RUSSIA – Gorin: Due sinagoghe in fiamme mentre Hamas visita il Cremlino

«Ecco com’è ridotto l’interno della sinagoga di Derbent». È il laconico commento di Boruch Gorin, capo della Federazione delle comunità ebraiche della Russia, all’indomani dell’attacco compiuto da un commando di terroristi contro la sinagoga di Derbent, nella regione russa del Daghestan. Nell’immagine pubblicata da Gorin sui propri profili social si vedono solo cenere e distruzione. «Siete riusciti a salvare qualcosa?», chiede qualcuno. «No», replica seccamente Gorin. Anche a Makhachkala, un centinaio di chilometri a nord di Derbent, la locale sinagoga è stata data alle fiamme, ha raccontato Gorin.
Secondo le ricostruzioni i terroristi nelle due città su Mar Caspio si sono mossi in modo coordinato, colpendo sia i due luoghi ebraici sia due chiese ortodosse. Il bilancio provvisorio degli attacchi parla di quattro civili e 15 agenti uccisi. Tra le persone assassinate, anche il parroco di Derbent, padre Nikolai. Sei terroristi sono stati eliminati, mentre altri sarebbero ancora in fuga. Nel doppio attacco, ha reso noto il ministero degli Esteri israeliano, non risultano vittime nella comunità ebraica o israeliane.
In tutto il Daghestan è stato dichiarato lo stato d’emergenza e tre giorni di lutto. Non ci sono state rivendicazioni, ma le tracce portano verso l’estremismo islamico e in particolare al gruppo Isis-K, già responsabile a marzo della strage al Crocus City Hall di Mosca. «Il Daghestan è una zona periferica, arretrata, dove proliferano i radicalisti islamici, e dove la barbarie antisemita si trasforma spesso in violenza», aveva spiegato a novembre a Pagine Ebraiche Alexander Grinberg, analista russo-israeliano del Jerusalem Institute for Strategy and Security. Allora il Daghestan, regione a prevalenza musulmana, era al centro delle cronache per un tentato pogrom contro i passeggeri di un aereo atterrato da Israele nell’aeroporto di Makhachkala. Urlando slogan antisemiti e contro Israele, decine di aggressori avevano avviato una vera e propria caccia all’uomo, arginata con difficoltà dalle autorità. Un momento di grave instabilità, a cui si aggiunge ora il doppio attentato. Una situazione, spiegava Gringberg, figlia «dell’assenza dello Stato. La dimostrazione evidente del fallimento del presidente Vladimir Putin, che non è un dittatore totalitario alla Stalin, ma un capo mafioso sempre più indebolito».
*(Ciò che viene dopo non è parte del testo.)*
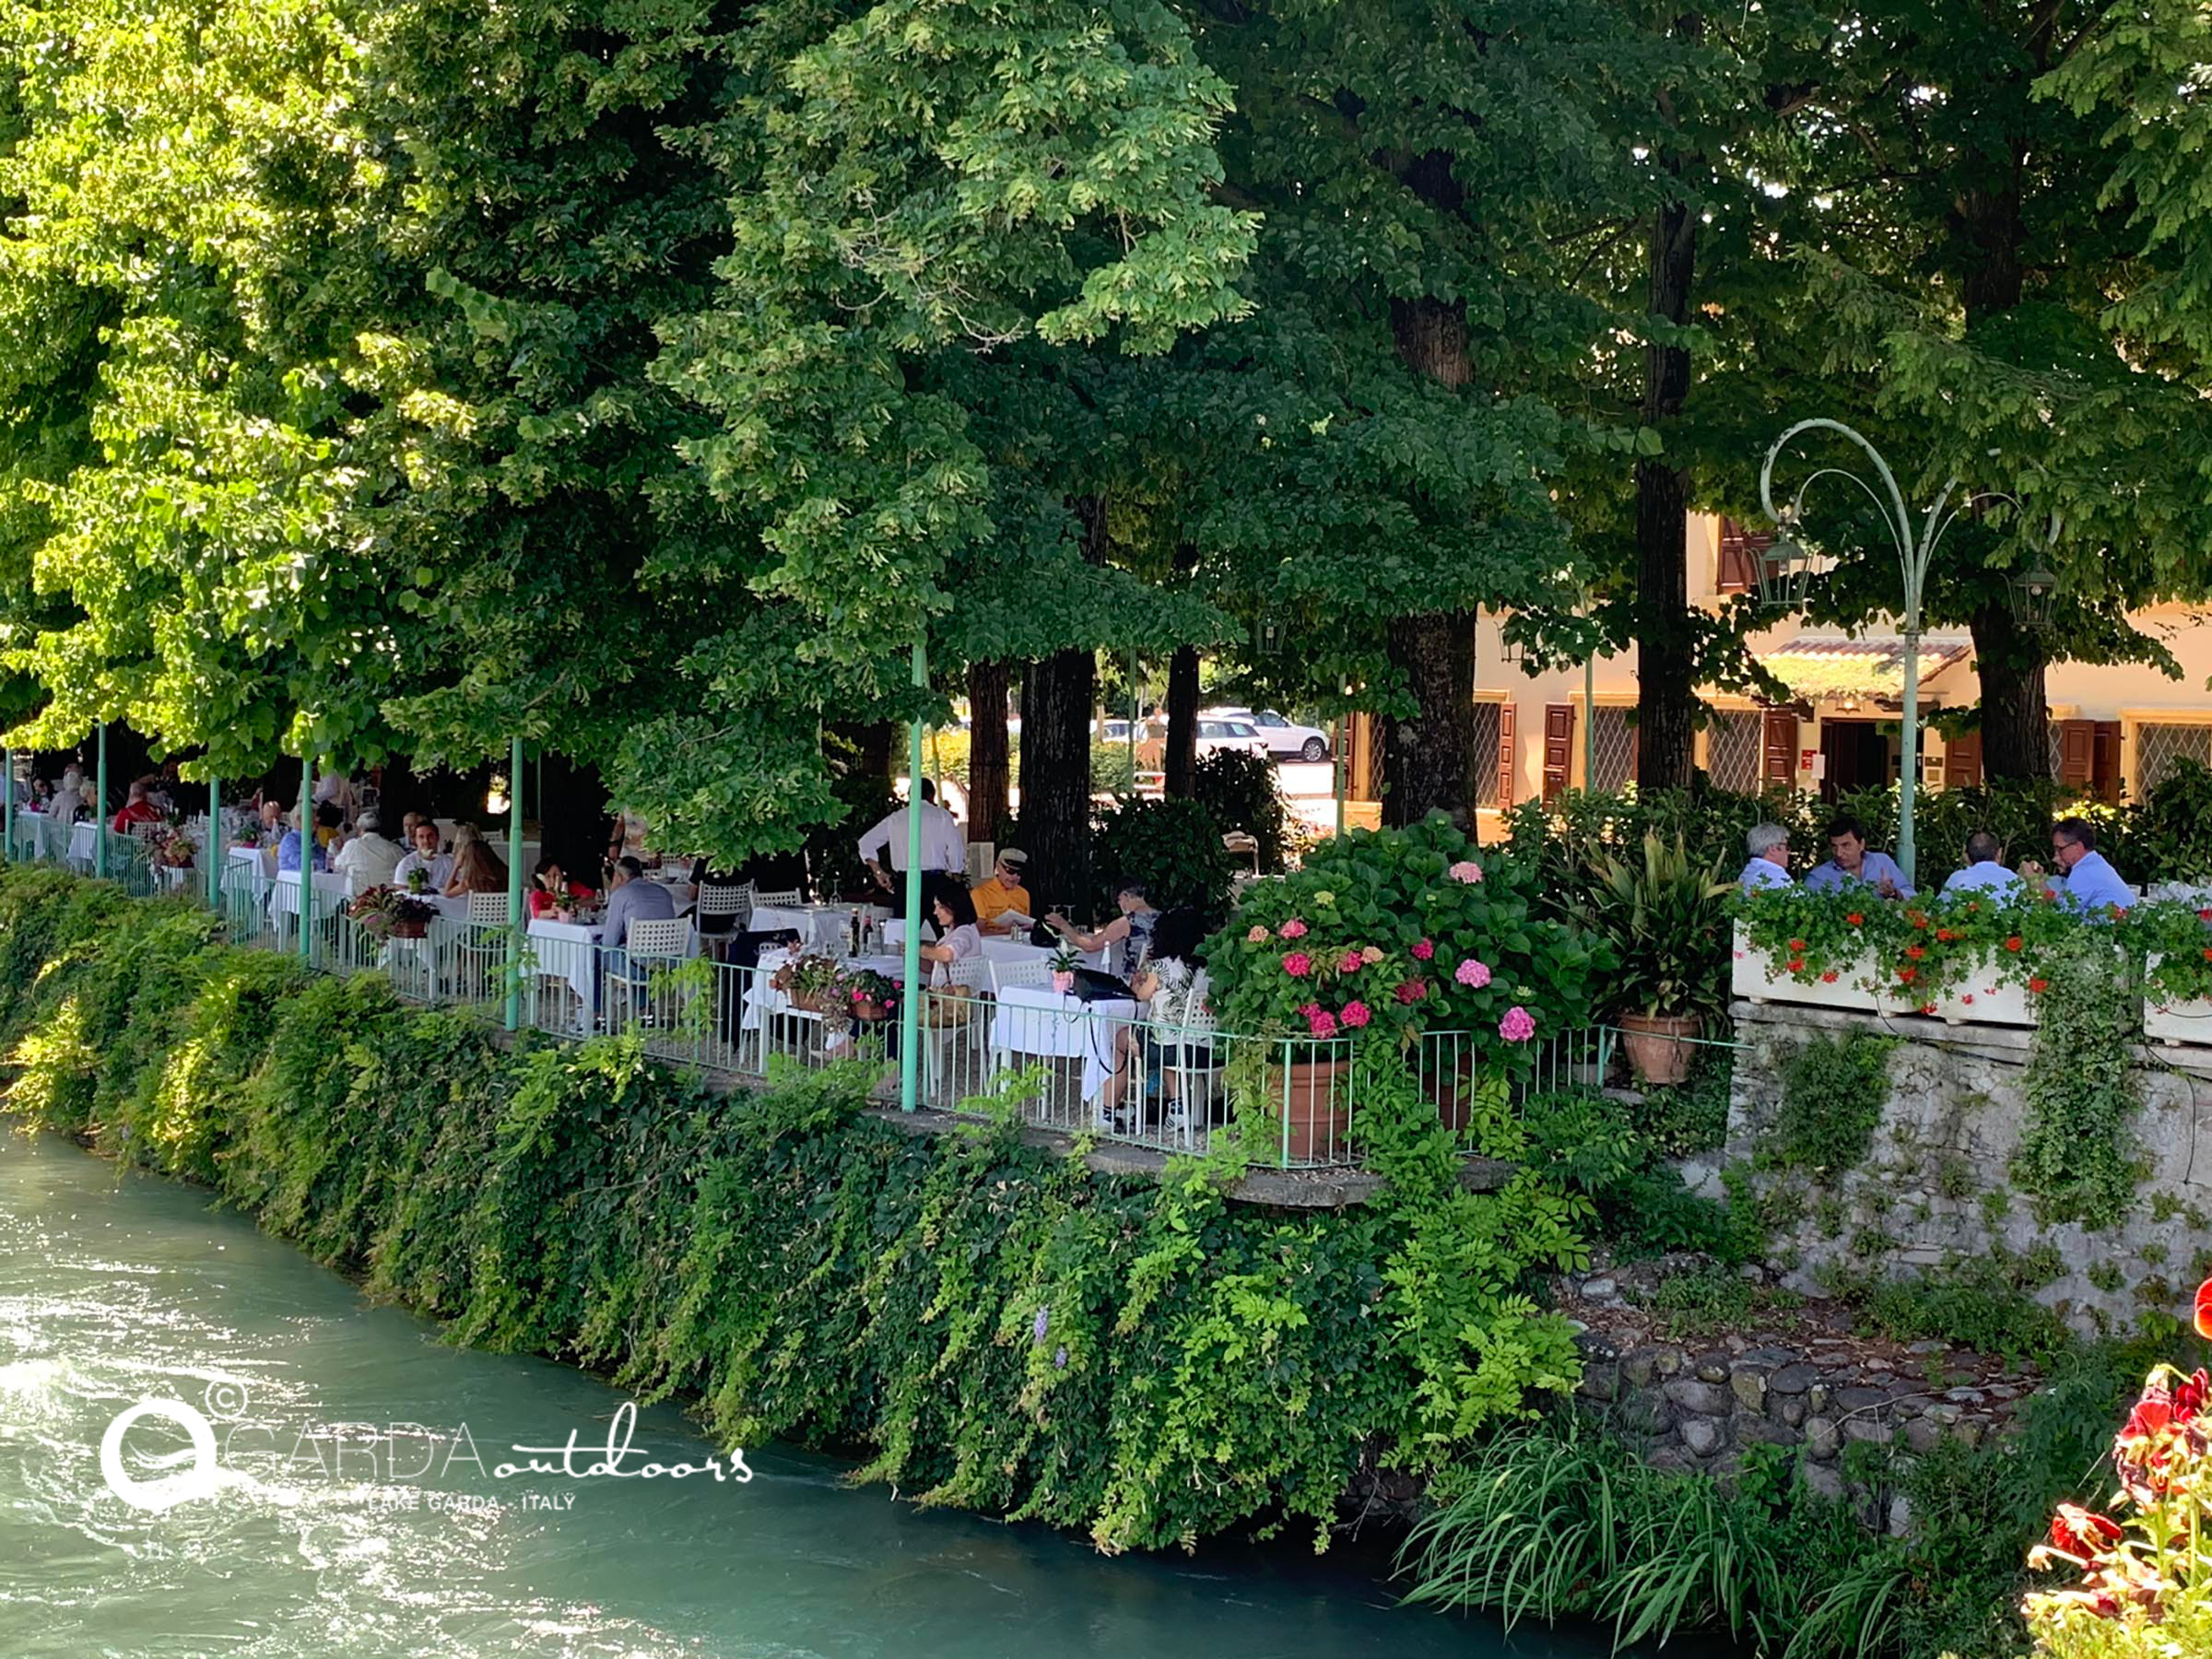 Borghetto sul Mincio, elected among the "most beautiful Villages in Italy".

Assomiglia a una critica al Cremlino una dichiarazione di Gorin di queste ore. Il capo della Federazione ebraica russa traccia un legame tra la violenza in Daghestan e quella di Hamas nel giorno in cui a Mosca è attesa una delegazione del gruppo terroristico palestinese. «I terroristi non solo sparano, incendiano e tagliano la gola nel sud di Israele e in Daghestan. Nel tempo libero dalle loro attività principali, si trasformano in un “movimento politico” legittimo», denuncia Gorin, riportando dell’incontro previsto oggi tra funzionari del Cremlino e Musa Abu-Marzouk, membro del Politburo di Hamas. «Probabilmente viene per esprimere le condoglianze alle famiglie dei poliziotti daghestani uccisi», conclude con sarcasmo il rappresentante della Comunità ebraica russa.